**Task item**. Every line from the one holding "Black jacket with" through the one holding "Method and pneumatic" in the data below must be returned exactly, both ends included, with pictures left out and nothing else added.

[[ Material supplied, beginning ]]

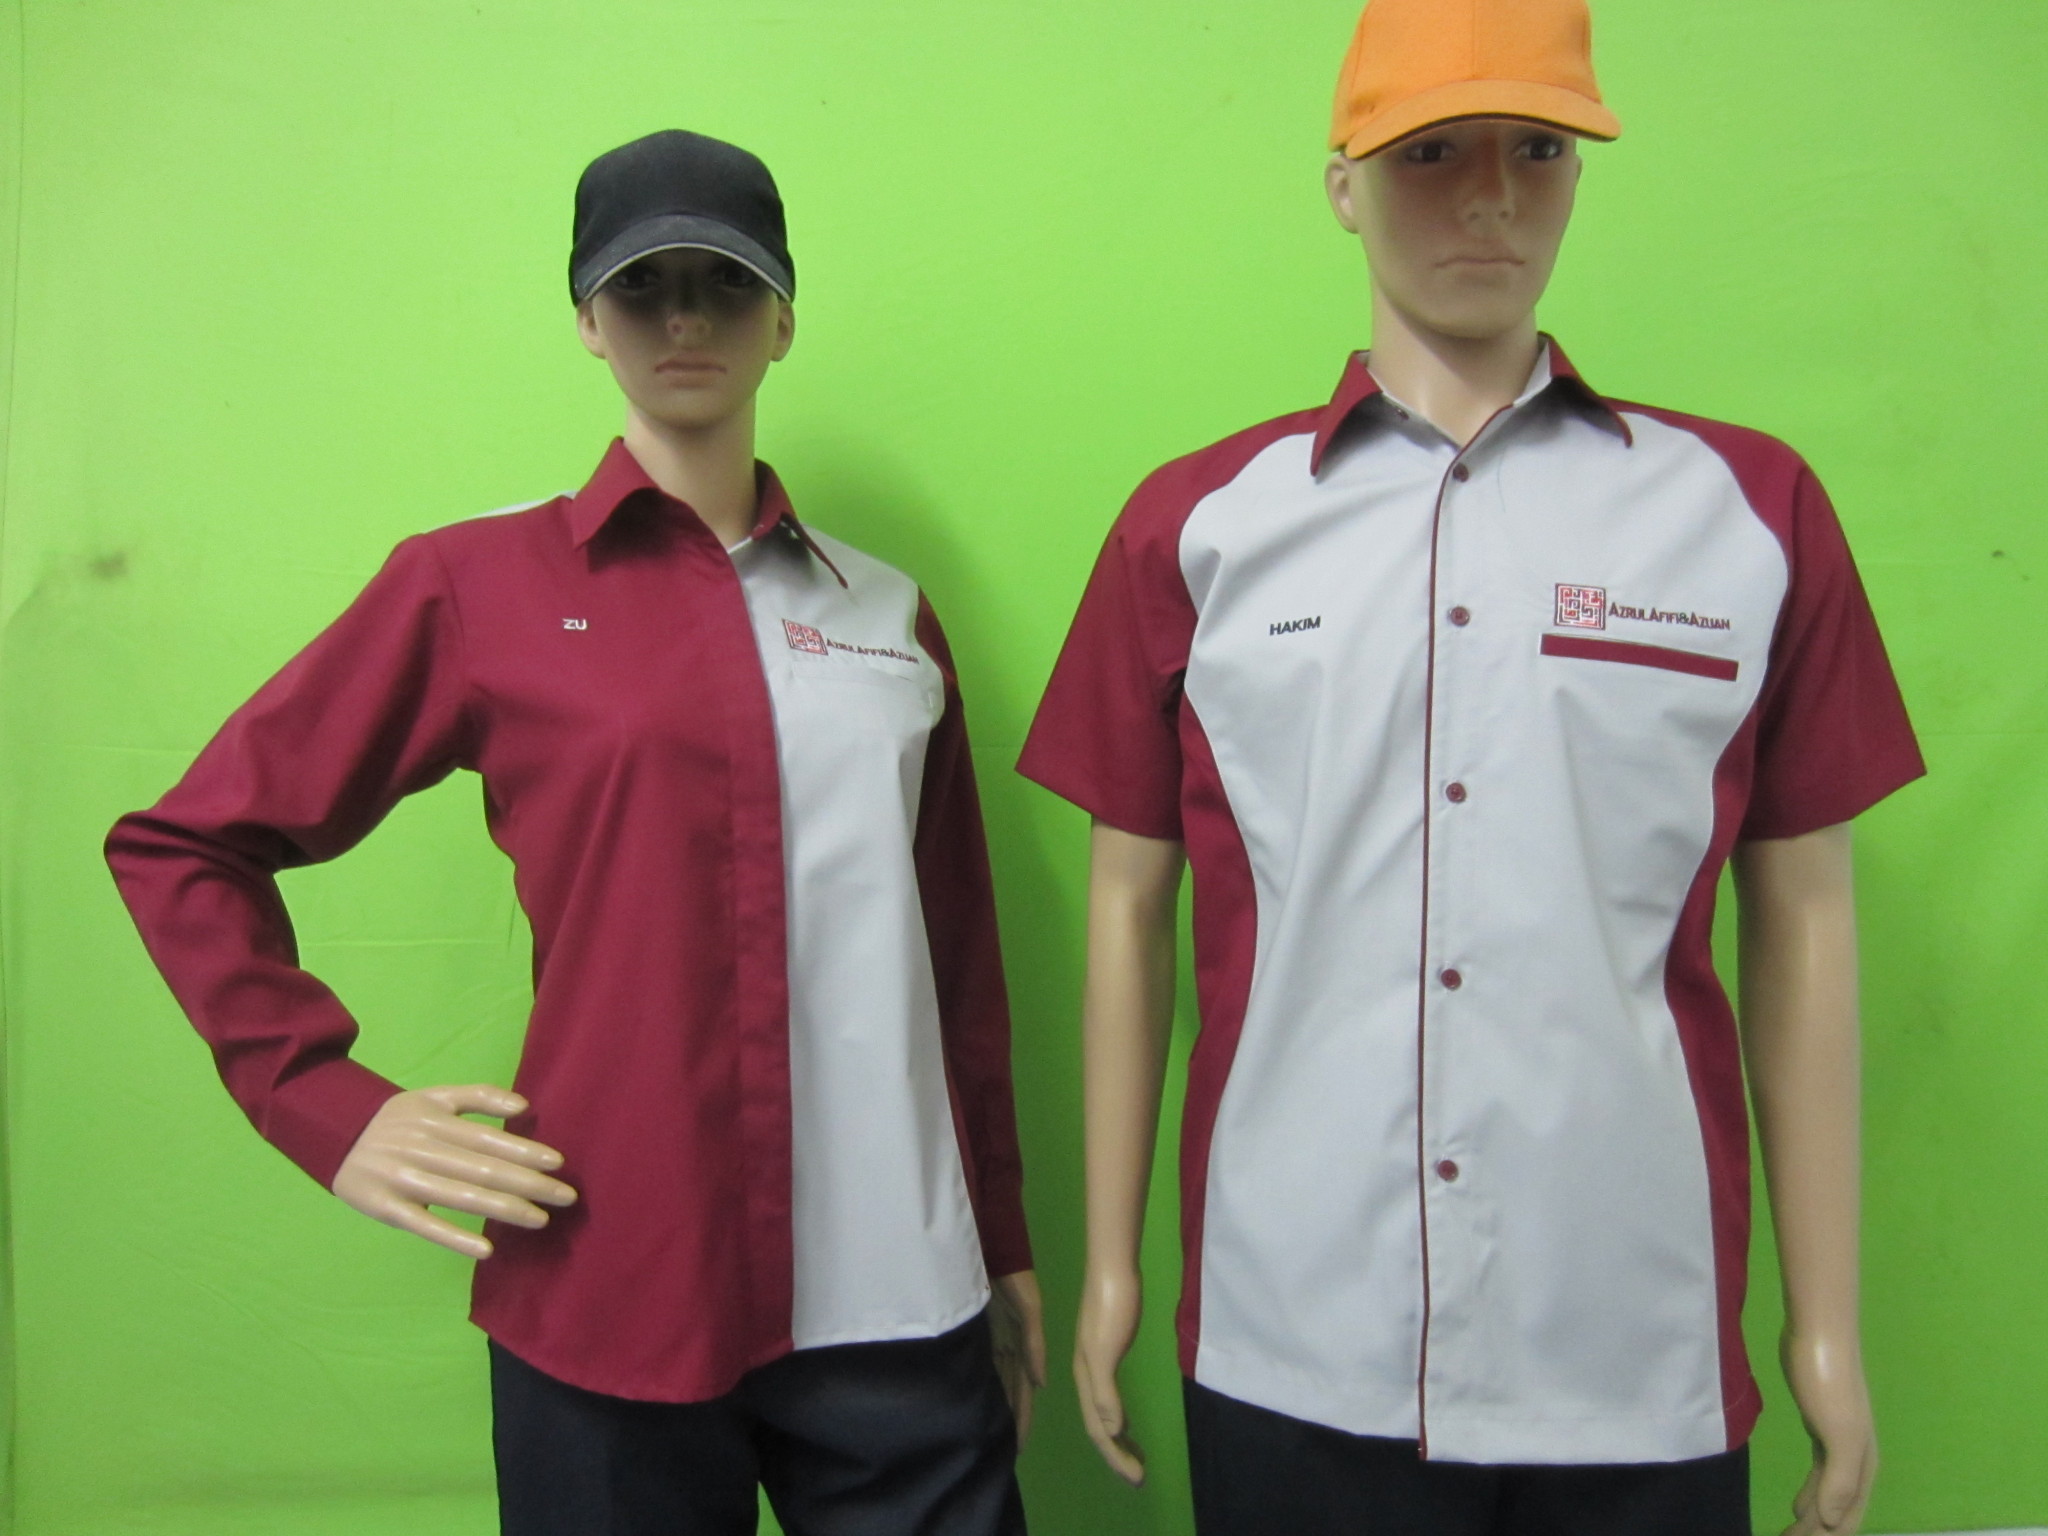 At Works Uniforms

[[ Material supplied, end ]]
[[ Material supplied, beginning ]]

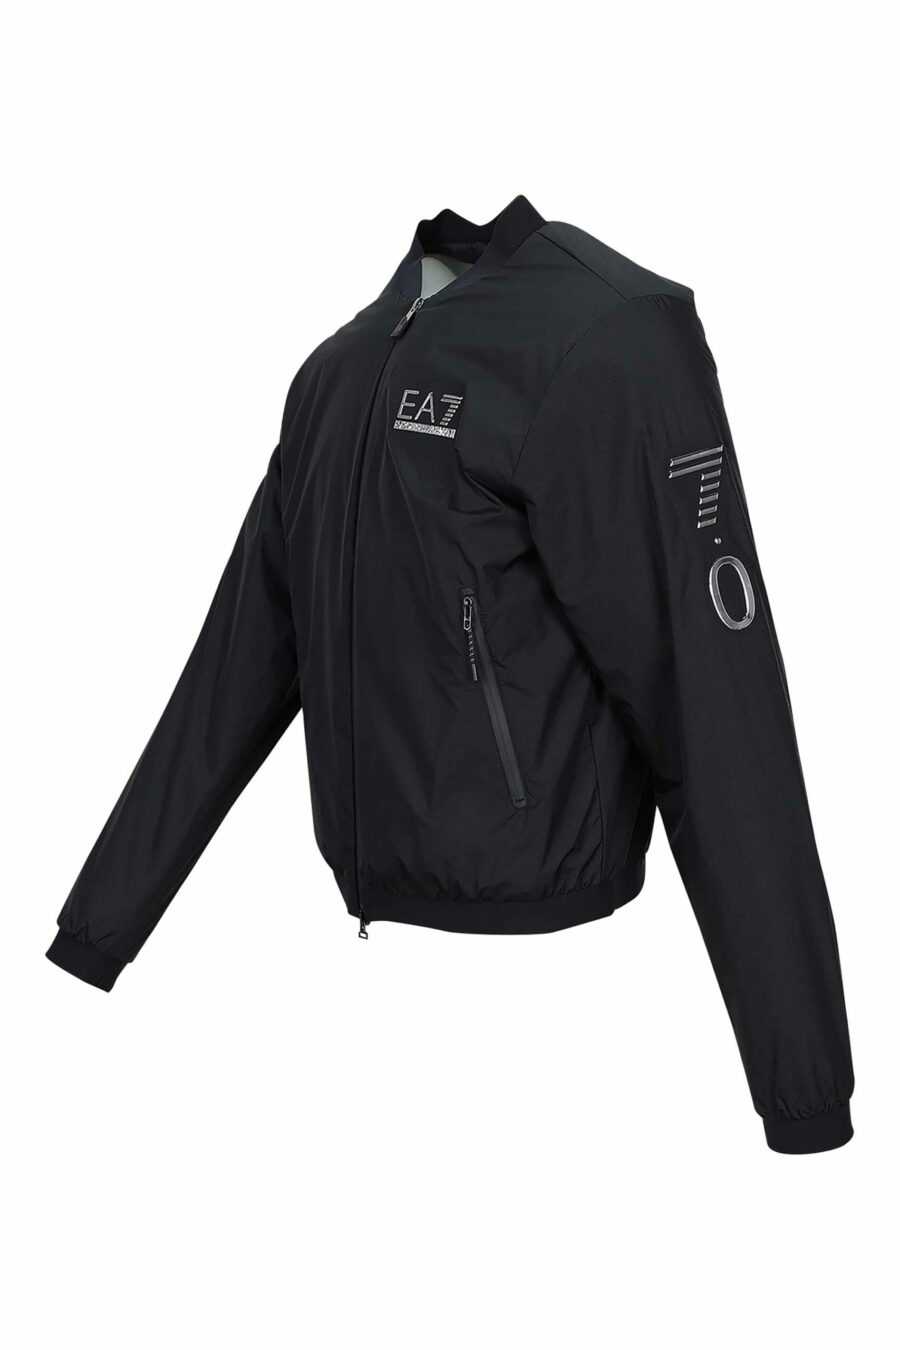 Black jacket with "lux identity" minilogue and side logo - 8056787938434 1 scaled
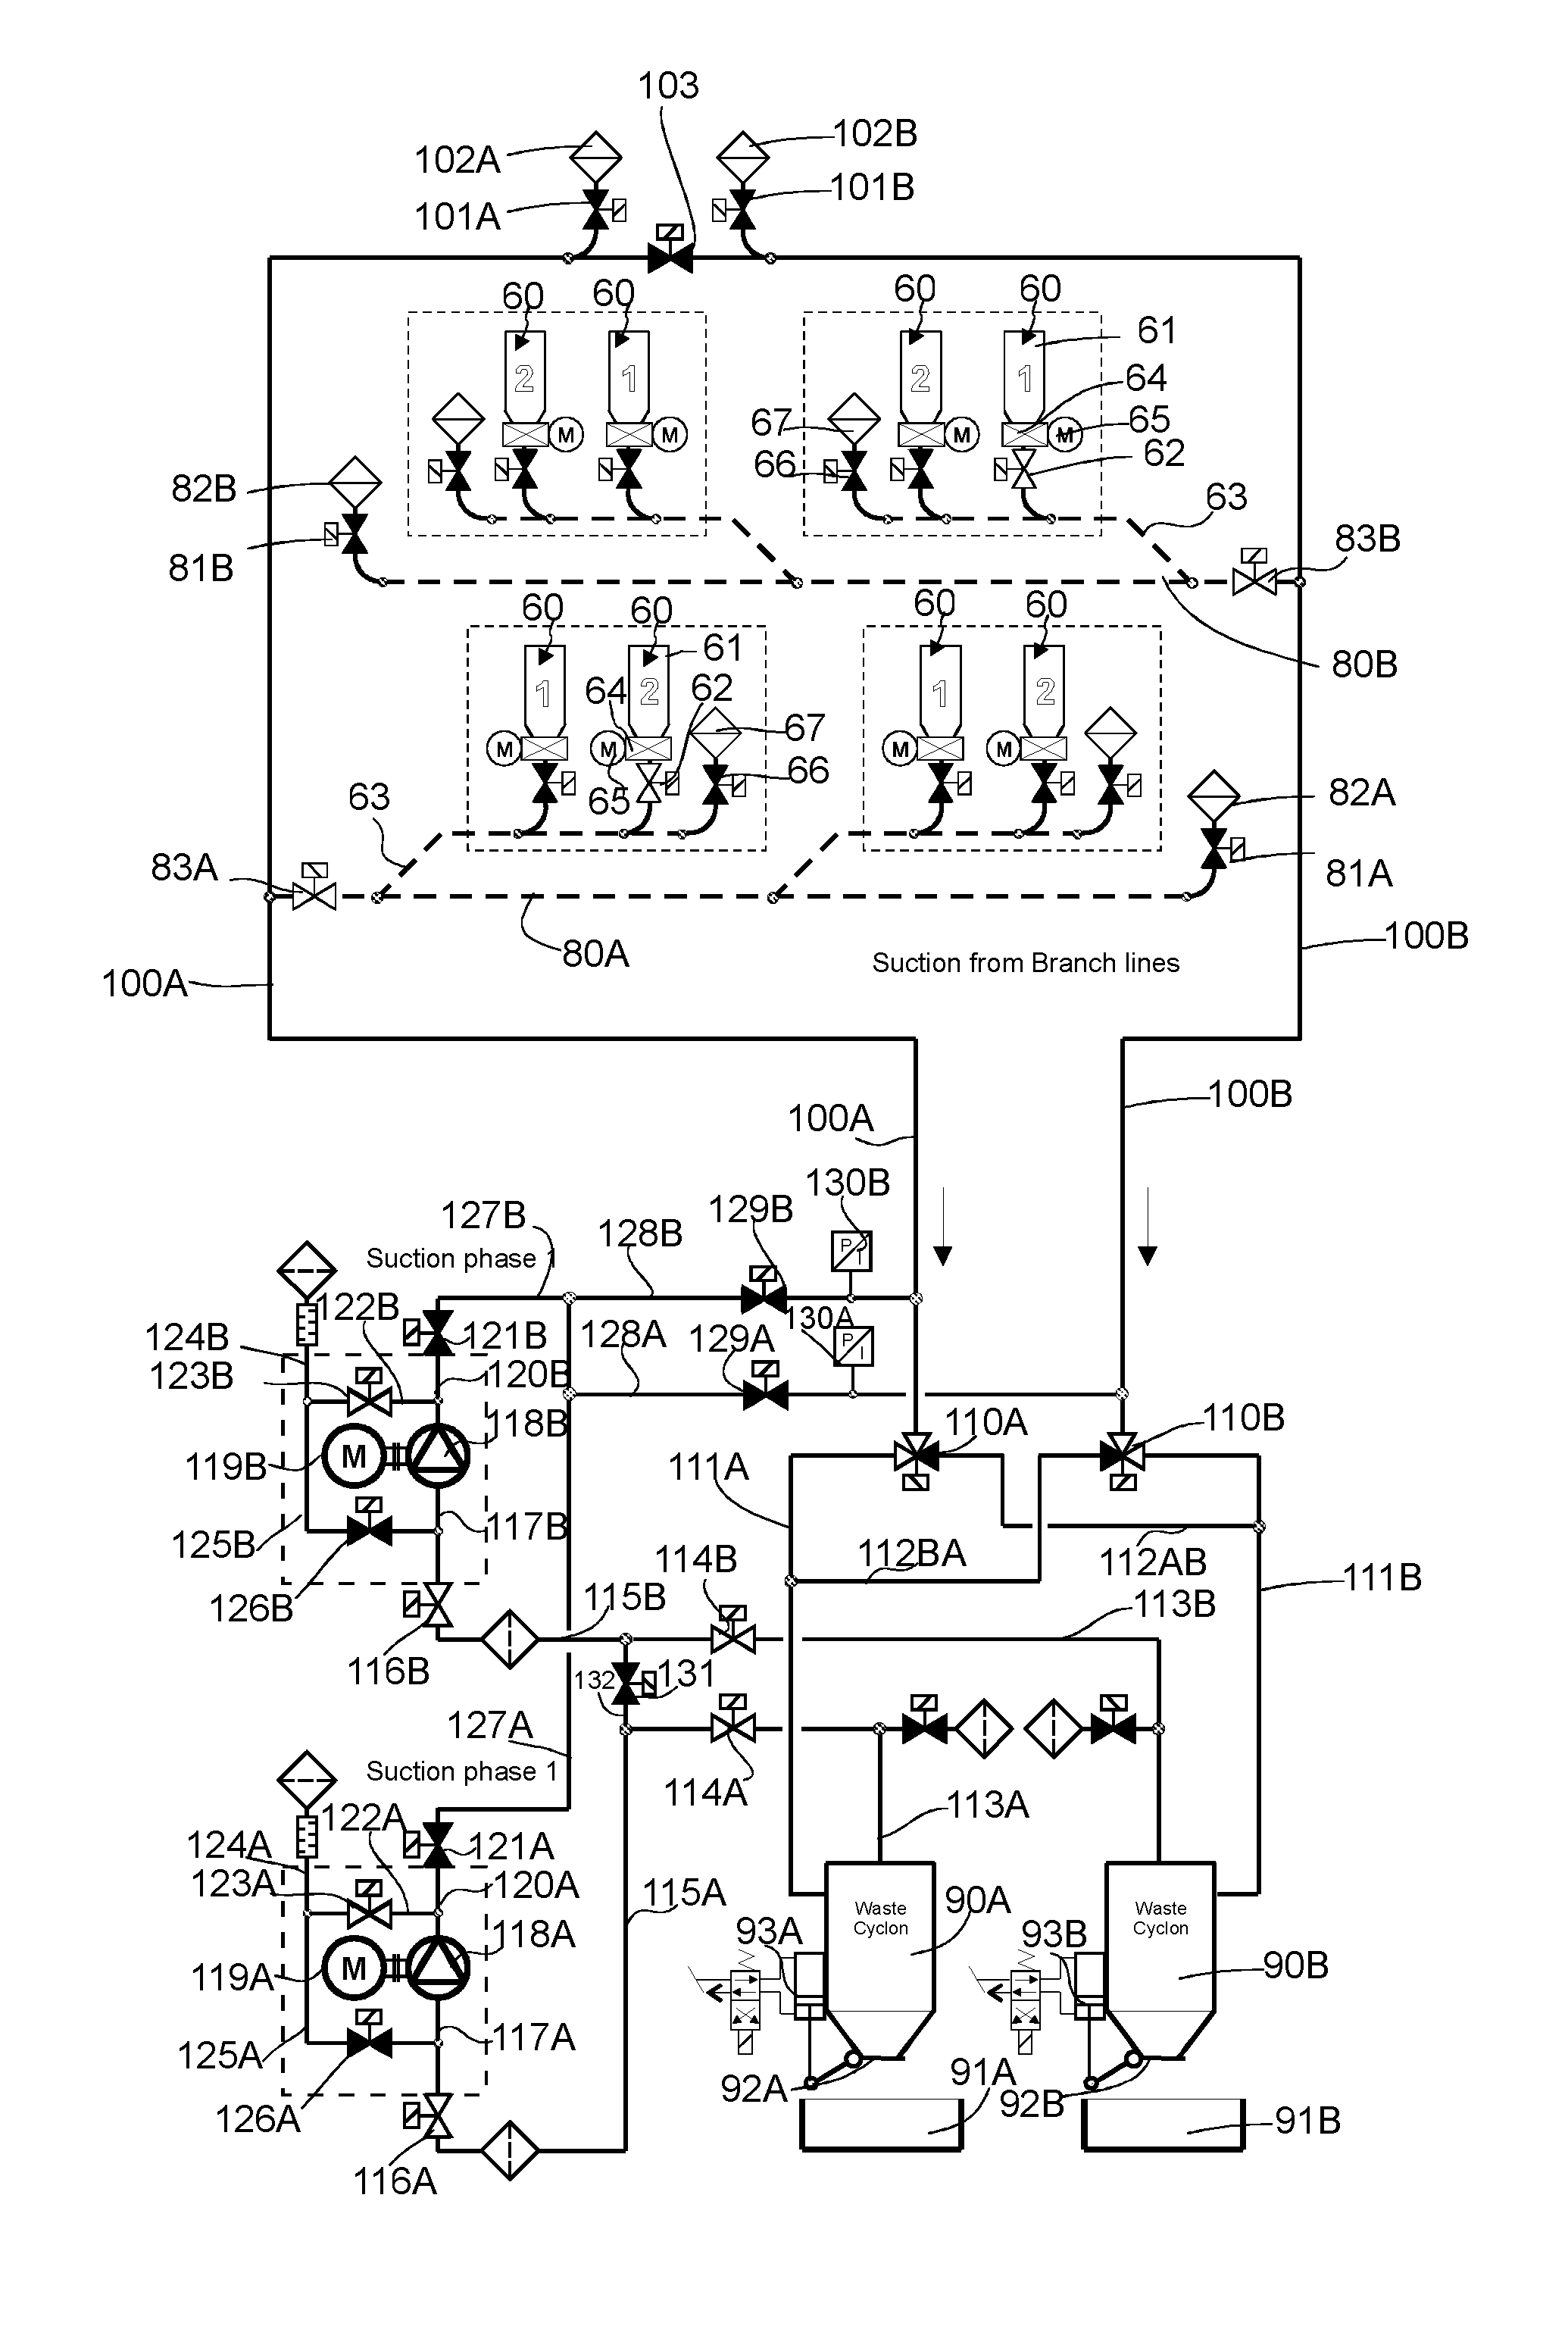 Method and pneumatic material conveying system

[[ Material supplied, end ]]

**Answer section**.
 Black jacket with "lux identity" minilogue and side logo - 8056787938434 1 scaled
 Method and pneumatic material conveying system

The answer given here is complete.